Vol. XV, Issue 27

September 26, 2016

Update: Health Reimbursement Arrangements for Working Retirees

Some annual conference benefit officers and treasurers have recently contacted Wespath Benefits and Investments (Wespath) with questions about working retirees who are covered by retiree health reimbursement arrangements (HRAs) for Medicare supplemental plans. The situations involve individuals who retire, are provided with a conference retiree HRA or similar retiree-health reimbursement benefit or account, and later are hired by or appointed to a local church or other UMC entity while remaining in the retired relationship. These questions involve the Affordable Care Act’s (ACA) prohibition on group health plans (which HRAs are considered) having annual dollar limits coupled with the fact that working retirees are considered “current” or “active” employees by these regulations. Violating the prohibition can result in penalties.1

Wespath’s earlier guidance related to HRAs administered through OneExchange would not permit full-use HRAs for participants working for an employer eligible for the Medicare Secondary Payer small employer exception. This guidance is based on the ACA rule that generally an employer group health plan cannot have an annual limit, unless an exception to the ACA rule is identified.
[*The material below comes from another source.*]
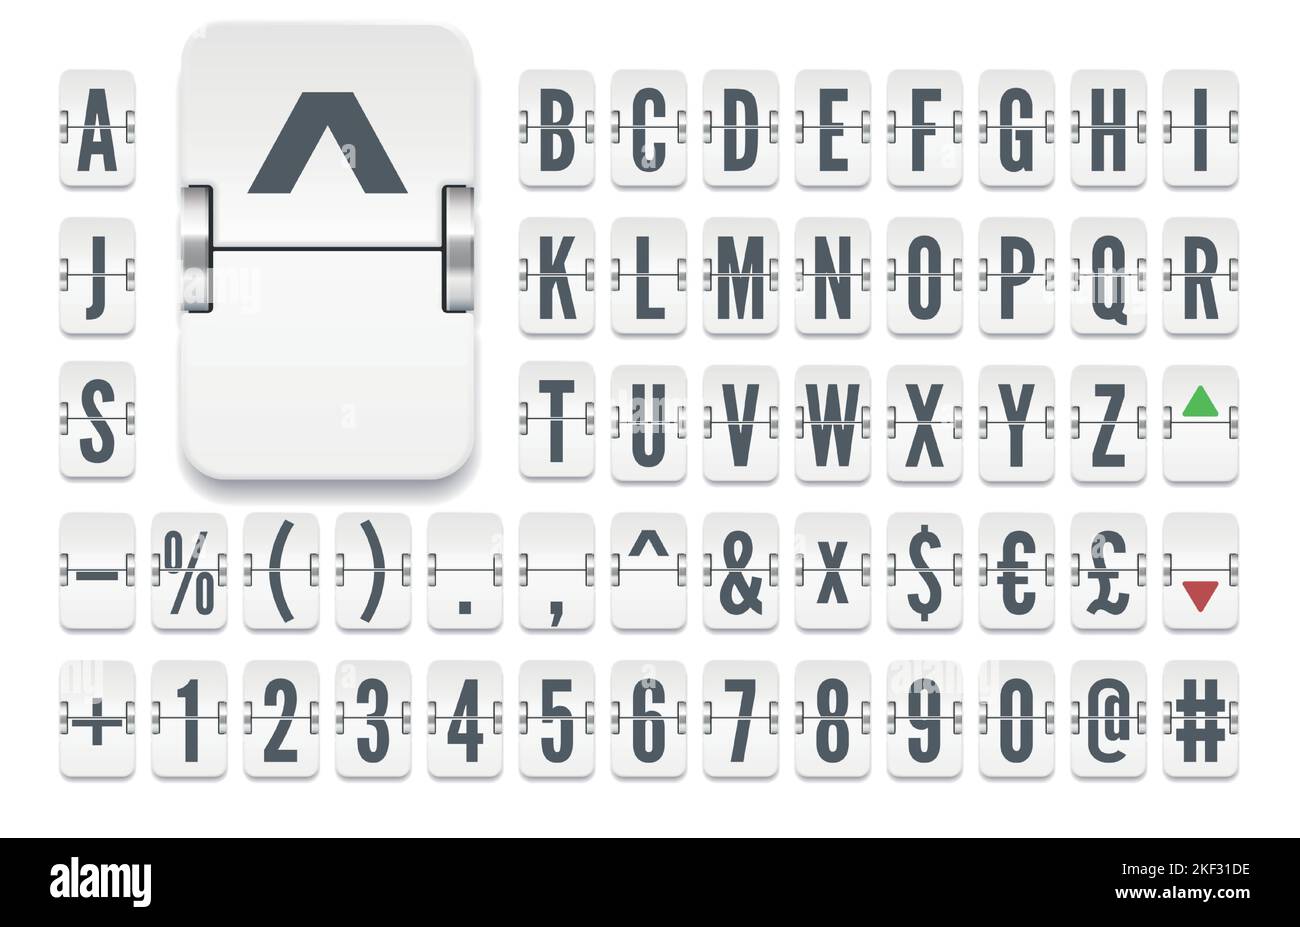 Bianco aeroporto flip board meccanico grassetto alfabeto con i numeri per le informazioni sui tassi di cambio delle azioni che mostra. Illustrazione vettoriale. Illustrazione Vettoriale
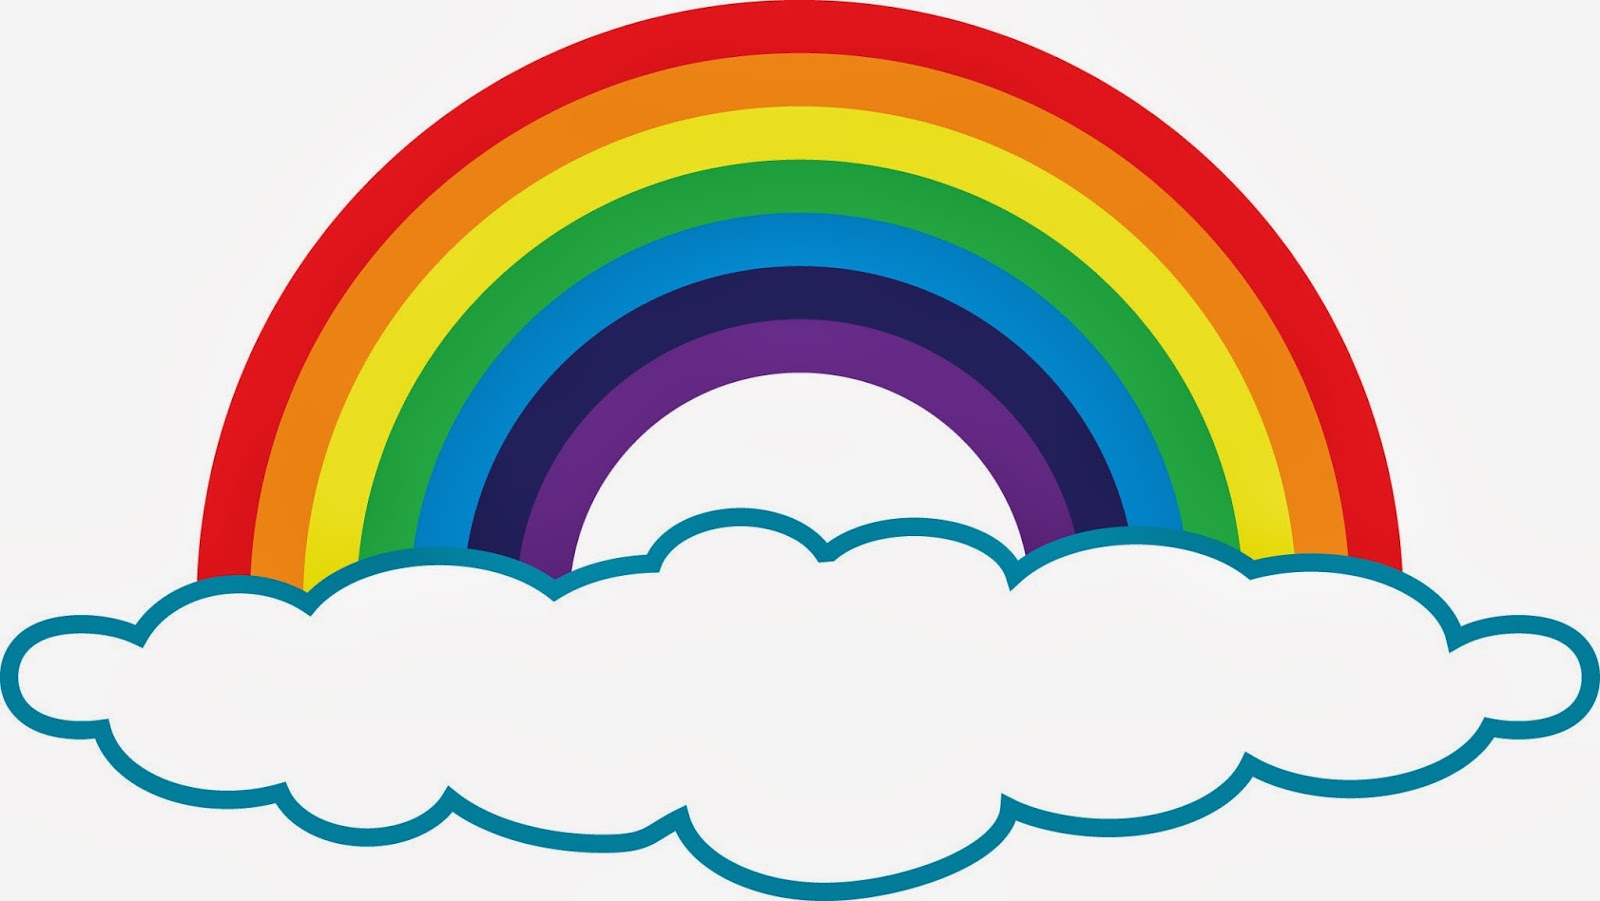 51 Free Rainbow Clip Art - Cliparting.com

Because of the recent questions about HRAs with annual limits covering retired clergy working for a church or other UMC entity, Wespath’s Legal and Center for Health teams are further researching the regulatory guidance related to this prohibition and its exceptions. Wespath plans to engage many of the conferences over the next few months to assess the frequency of this rehire fact pattern and necessary actions related to conference provided HRAs. Wespath plans to provide additional information and potential options to conferences as follows:

Should you have any questions, please contact your Conference Liaison.

 

1 For background, see http://www.wespath.org/assets/1/7/4636.pdf (Health Care Reform—New Restrictions on Tax-Favored Health Coverage for HRAs, FSAs, Premium Payment or Reimbursement Plans, and Cafeteria Plans).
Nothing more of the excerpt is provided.